- Problem to work on: Each line below from the one containing "Centro de Mesa" through the one containing "Warm wishes on" is to be given again exactly, and no line outside that span.

- Records for the task:
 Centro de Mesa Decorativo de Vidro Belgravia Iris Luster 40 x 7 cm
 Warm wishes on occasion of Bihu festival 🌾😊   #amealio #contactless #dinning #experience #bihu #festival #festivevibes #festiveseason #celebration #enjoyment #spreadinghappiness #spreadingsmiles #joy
==
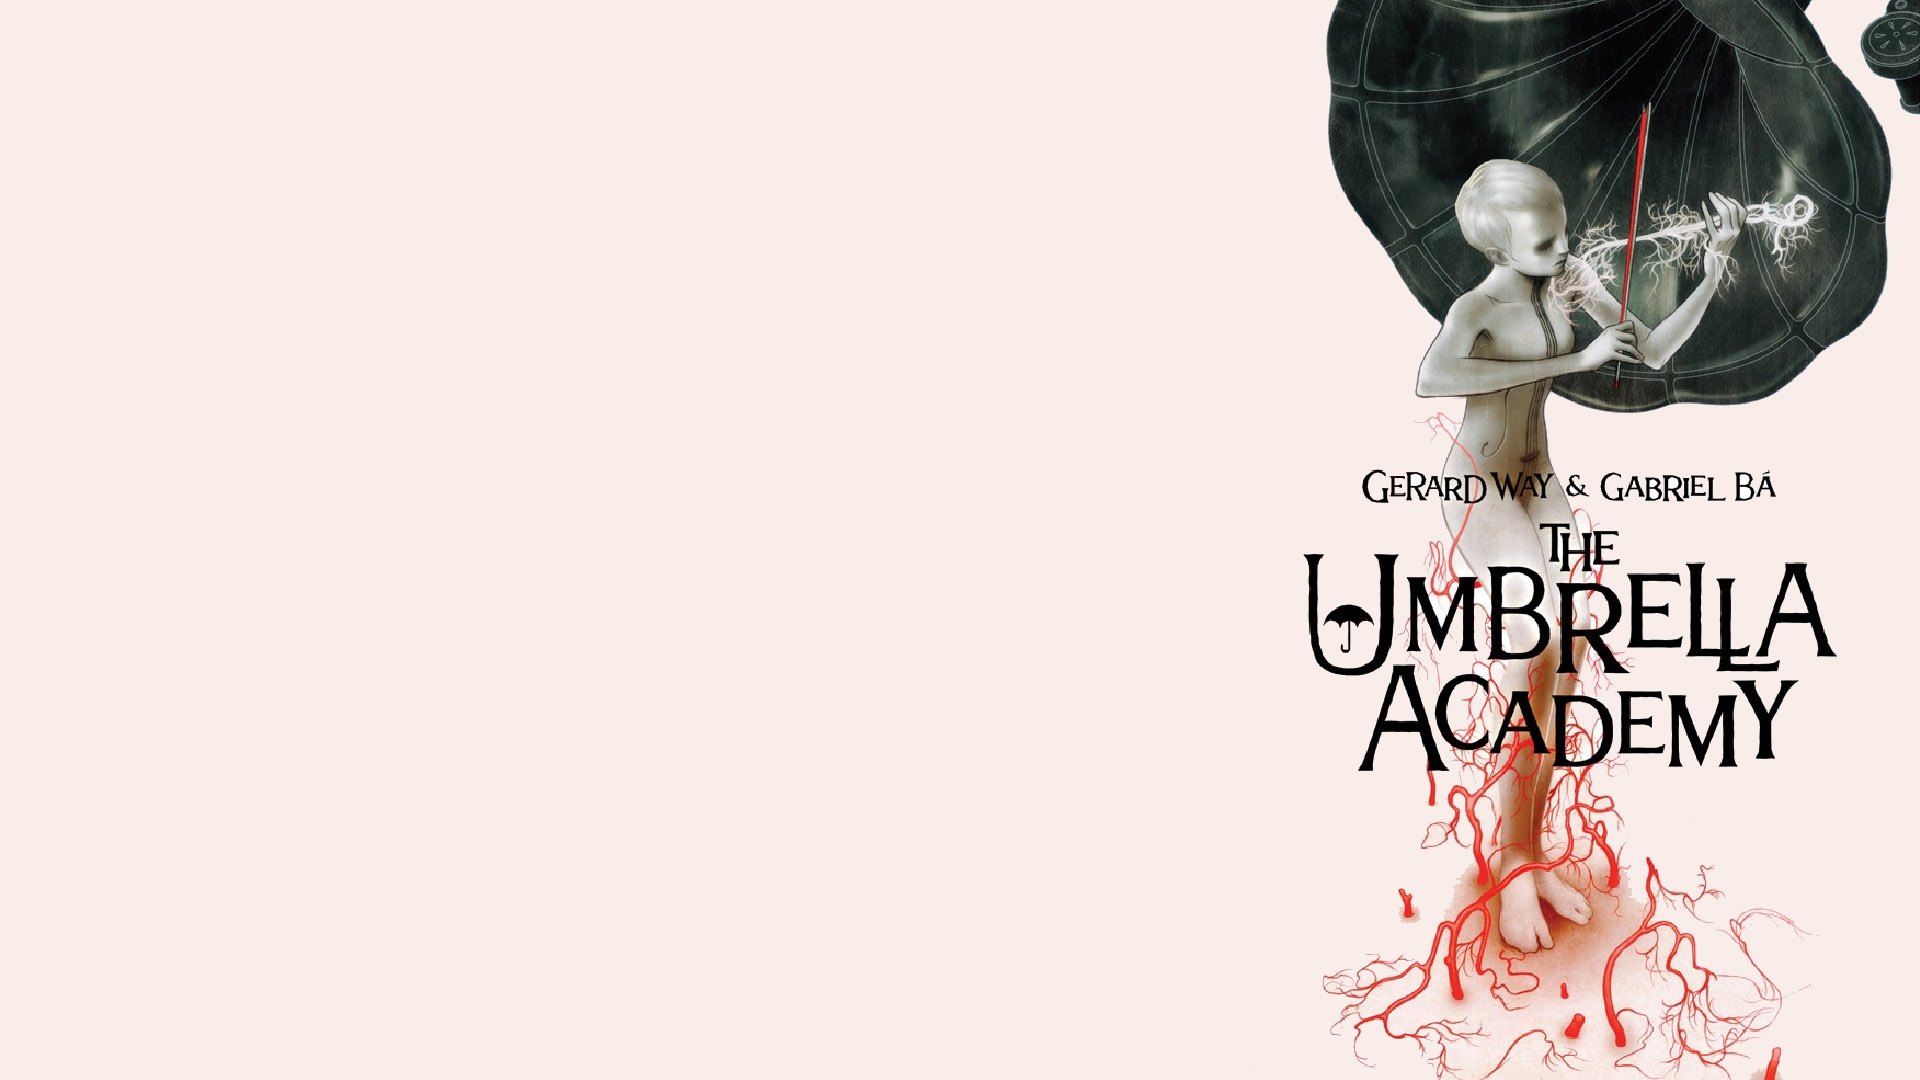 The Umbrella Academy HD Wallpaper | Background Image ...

- Solved exercise:
 Centro de Mesa Decorativo de Vidro Belgravia Iris Luster 40 x 7 cm
 Warm wishes on occasion of Bihu festival 🌾😊   #amealio #contactless #dinning #experience #bihu #festival #festivevibes #festiveseason #celebration #enjoyment #spreadinghappiness #spreadingsmiles #joy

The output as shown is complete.